Health care companies often settle health privacy law violation cases with HHS and in some cases pay millions in fines. In May, for example, after an employee at St. Luke’s-Roosevelt Hospital Center Inc. inadvertently disclosed a patient’s HIV status and other medical information to his employer, the provider paid a $378,000 settlement.

An earlier version of this story said the HIV status of 12,000 people had been disclosed. Aetna said the mailings went to approximately 12,000 people but that it was unclear how many of the envelope windows would have shown personal health information.

    • That’s the thing…they can’t. This compromises potentially people’s housing, jobs, child custody…there is so much stigma about HIV because folks are so ignorant about it..from how folks may have gotten it, their financial status because it can be so expensive, and just so much unwarranted fear. It’s compromised people who are already dealing with a compromised immune system. And just by reading the comments you can see how stupid people are about it.
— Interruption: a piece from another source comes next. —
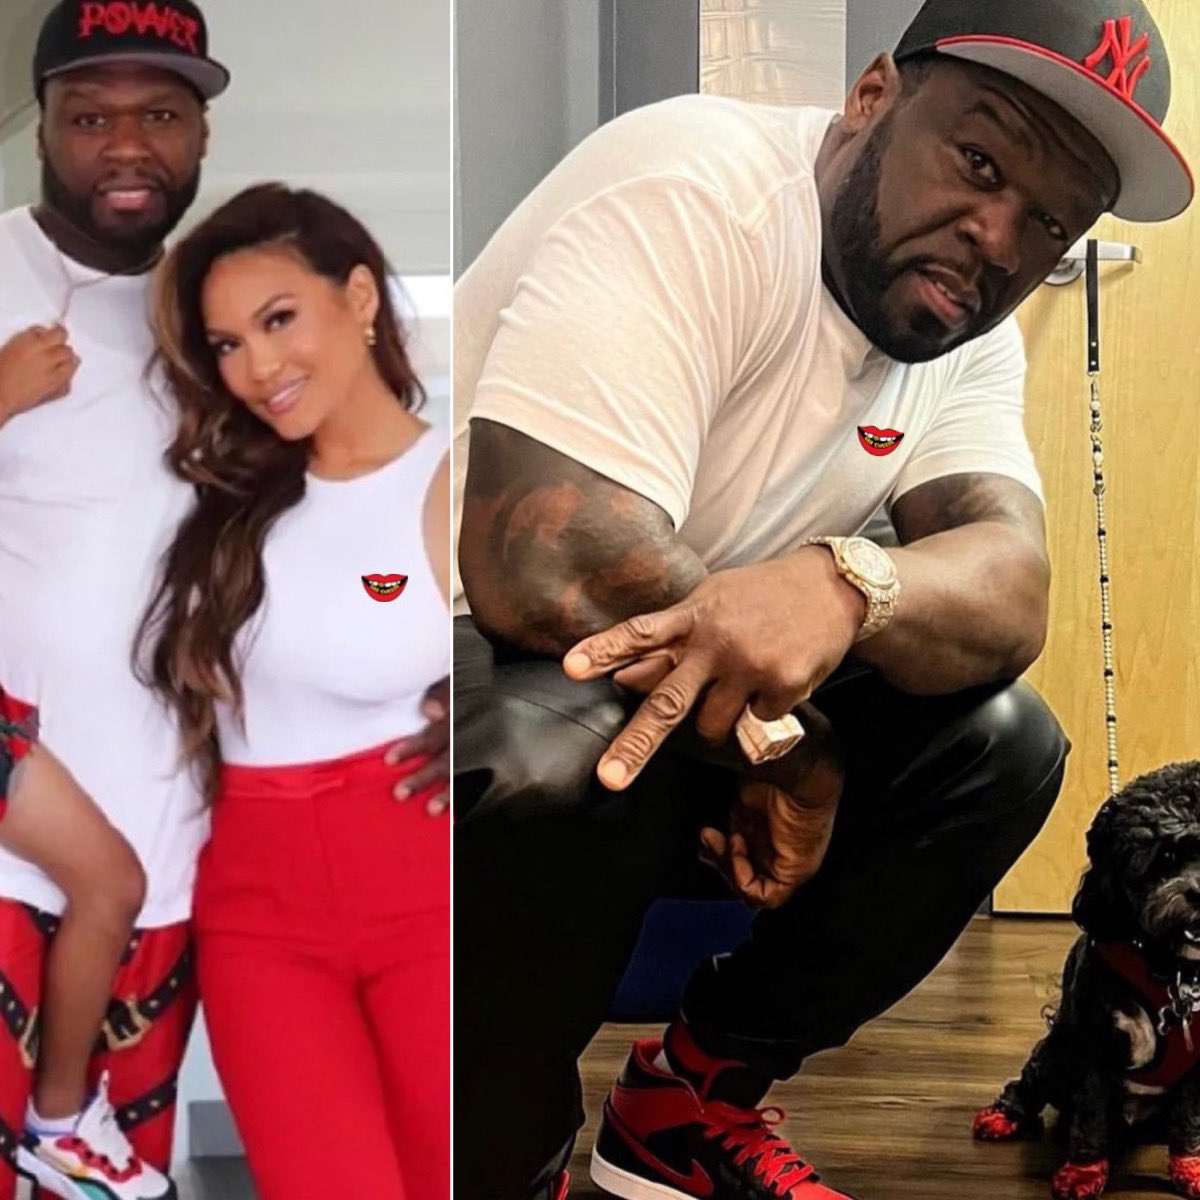 50 Cent is suing his baby mama Daphne Joy for defamation after she accused him of rape and abuse. He is seeking $1 million in damages 😳

  • It is my opinion.: Aetna, liars, crooks and thieves.
    I purchased a disability policy from my employer with Aetna. I became disabled because of a heart condition, verified by 3 doctors, state and other insurance companies. Aetna harassed my spouse and I, threatened me with being fired, discontinued my employer pay and benefits, conveniently lost documents my doctors and I sent to them several times, misquoted and distorted facts in medical documents I submitted, forced me to retire because of no pay or benefits, committed fraud, made numerous mistakes always in Aetna’s favor, told me verbal lies in phone conversations, made outrageous demands under the threat of being fired “if you don’t go to the doctor today and submit these forms you will be terminated from your job”, Etc. Aetna CEO Mark Bertolini’s compensation was valued at $17.3 million last year. He got it by screwing people like you and I. Don’t get Aetna insurance for any coverage of any kind. Often Aetna will not pay claims and will do anything dishonest to avoid paying. If you do have Aetna coverage, get rid of them ASAP. Aetna consistently acted in bad faith. If you do have problems with Aetna, keep a log, FAX or send all documents 3 times and file a complaints with your employer and department of insurance, etc. Anonymous Aetna victim, because of Aetna reprisals.

  • Some…no, A LOT, of you are missing the point. This is not a gay issue, an HIV issue, it isn’t about your narrow, obtuse and jaded perception of sexual deviance….it is about violating the Patient Privacy Act. Literally no one but you, your doctor and your doctors staff have a right to know your medical history – past, present or future. Stop using the forum to push your marginalized, out-dated and (thankfully) diminishing attitudes, ideas and perceptions.

  • Dear Antifa Freedom:
    That’s a pretty hostile reply. But here’s the problem: You folks are really good at breaking things, but it doesn’t seem like you’re too good at building, creating anything worthwhile. So once all the “old” things are gone, and you’ve got nothing to rally against, what are you going to do? Stand amidst the rubble and cheer that now you own it?
    Facemasks, torches and clubs, slogans and shouts … those are pretty useless when you’re trying to get irrigation systems going or finding food to feed yourselves.
    You can be as “together” as you want, but all that means is more mouths to feed and no idea how to get that done.
    The one consolation I have as an “older” person is that, yes, you will have it all once I’m gone, but guess what? You won’t be far behind because you have no idea how to take care of yourselves. So, no worries, we built it all just for you to destroy, but I’ll save a seat for you in the afterworld because I’m cool like that.